The onset of food-induced anaphylaxis in mice requires intestinal mastocytosis and mucosal MC activation mediated by the food antigen:IgE complex ^{20, 22}. From the rapid onset of symptoms of an anaphylactic reaction after allergen consumption (5-10 min, Supplementary Figure 1A), we hypothesized that SAPs must directly interact with mucosal MCs. Mucosal MCs within the SI of food allergic mice are predominantly localized to the basolateral membrane of the villus and crypt secretory epithelial cells or within the intraepithelial region positioned midway along the intestinal epithelial cells lateral membrane (Fig. 2A, Allergic). Histological analysis of the SI of food allergic mice prior to food antigen exposure (Day 28) revealed the presence of mucosal MCPT-1⁺ MCs in close proximity to villus GCs (Fig. 2B, red arrows for MCs and green arrows for GCs) and localized at the basal membrane of crypt Paneth cells (Fig. 2C, red arrow). Upon allergen exposure, we observed enhanced SAP formation, Rh-Dex localization within LP and colocalization of Rh-Dex⁺ and MCPT-1⁺ MCs in villus and crypts (Fig. 2D & E red arrows and Supplementary Video 6). SI MC specific antigen uptake was confirmed by flow cytometry of SI LP single cell suspensions which revealed a significant increase in the number of Rh-Dex⁺ FcϵR1⁺ C-Kit⁺ ST2^high MC’s in food allergic mice following OVA⁺ Rh-Dex exposure (Fig. 2F–G). These studies suggest that SI SAPs rapidly channel food antigens to mucosal MCs in food allergic mice and this process is enhanced by food allergen exposure.
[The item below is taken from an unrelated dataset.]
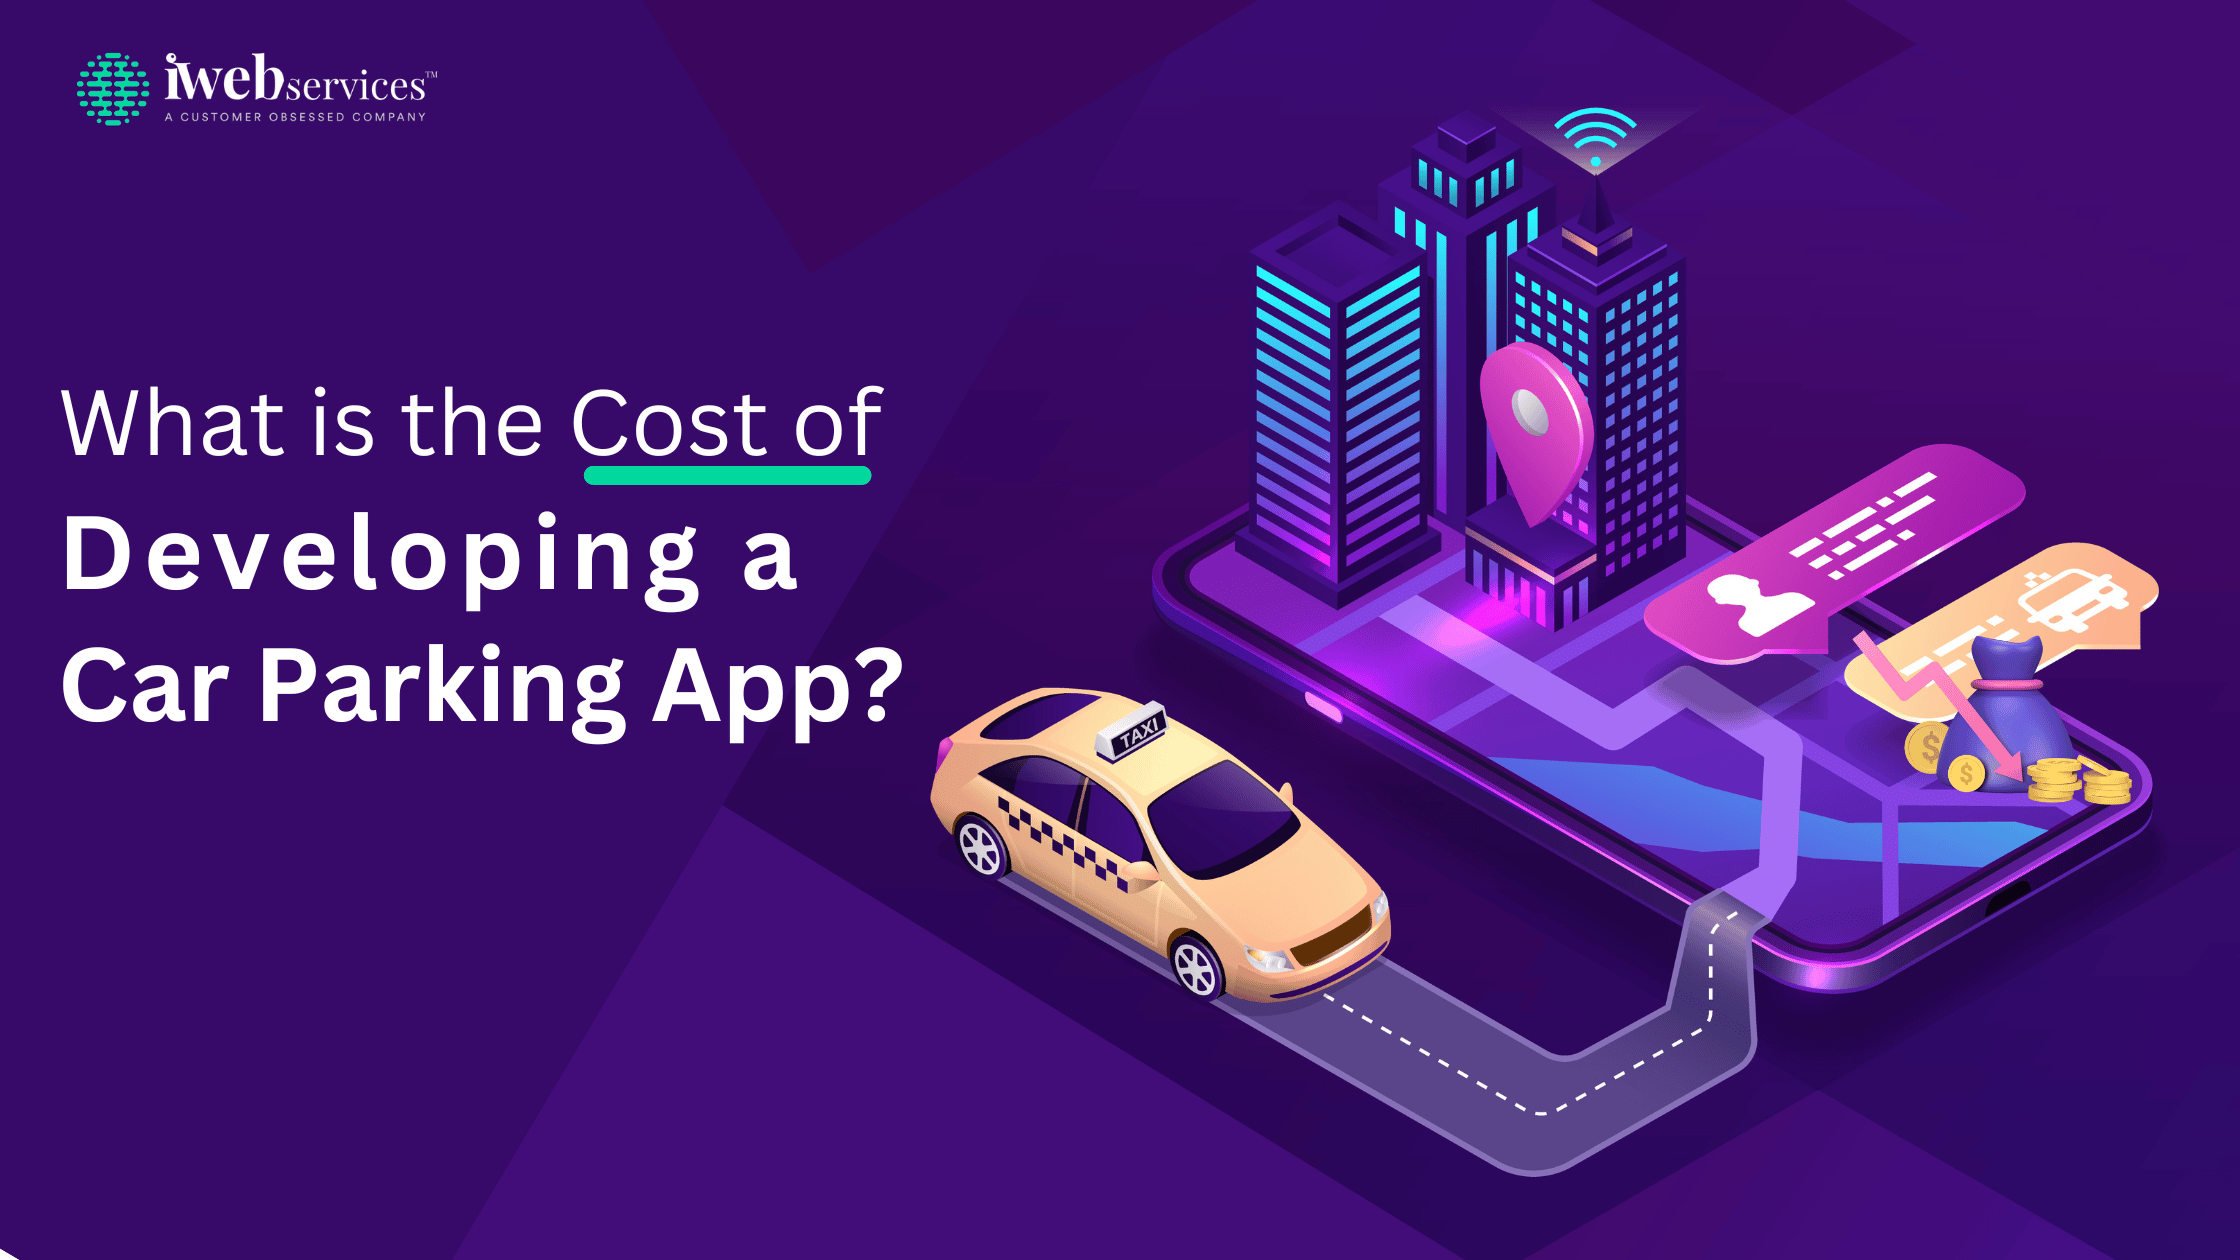 What is the Cost of Developing a Car Parking App?

Figure 2. — (A) CAE staining with hematoxylin counterstain on naïve and allergen challenged food allergic mice. The dotted line indicates the basal edge of the SI epithelium. (B-C) Immunofluorescence analysis for (B) MUC2 (villus) or (C) MMP7 (crypt) of SIs from food allergic mice prior to the food antigen exposure; n = 3-4 mice per group. Red arrows point to mast cells residing in close proximity to goblet cells. Green arrows point to goblet cells. The dotted line indicates the basal edge of the crypt SI epithelium. (D-E) 3D reconstruction of immunofluorescence analysis for (D) MUC2 (villus) or (E) MMP7 (crypt) of SIs from food allergic mice after the food antigen exposure; n = 3-4 mice per group. Red arrows point to Rh-Dex+ mast cells. A white arrow points to Rh-Dex⁻ intraepithelial mast cells. (F) Flow cytometry panels for gating strategies of lamina propria mast cells and the level of Rh-Dex in gated mast cells (Lin⁻c-Kit⁺FcεR⁺ST2⁺). (G) Flow cytometry analysis of mast cells in the food allergic mouse SIs for Rh-Dex. n= 8 per group. Control mice were exposed to PBS and Dextran mice were exposed to Rh-Dex along with the food allergen OVA. Data presented are the mean ± SEM. *p < 0.05, Student t-test or one-way ANOVA. Scale bars are 50 μm for A. Scale bars are 50, 50, 10 & 5 μm for B, C, D & F respectively. The nucleus was visualized with DAPI (blue).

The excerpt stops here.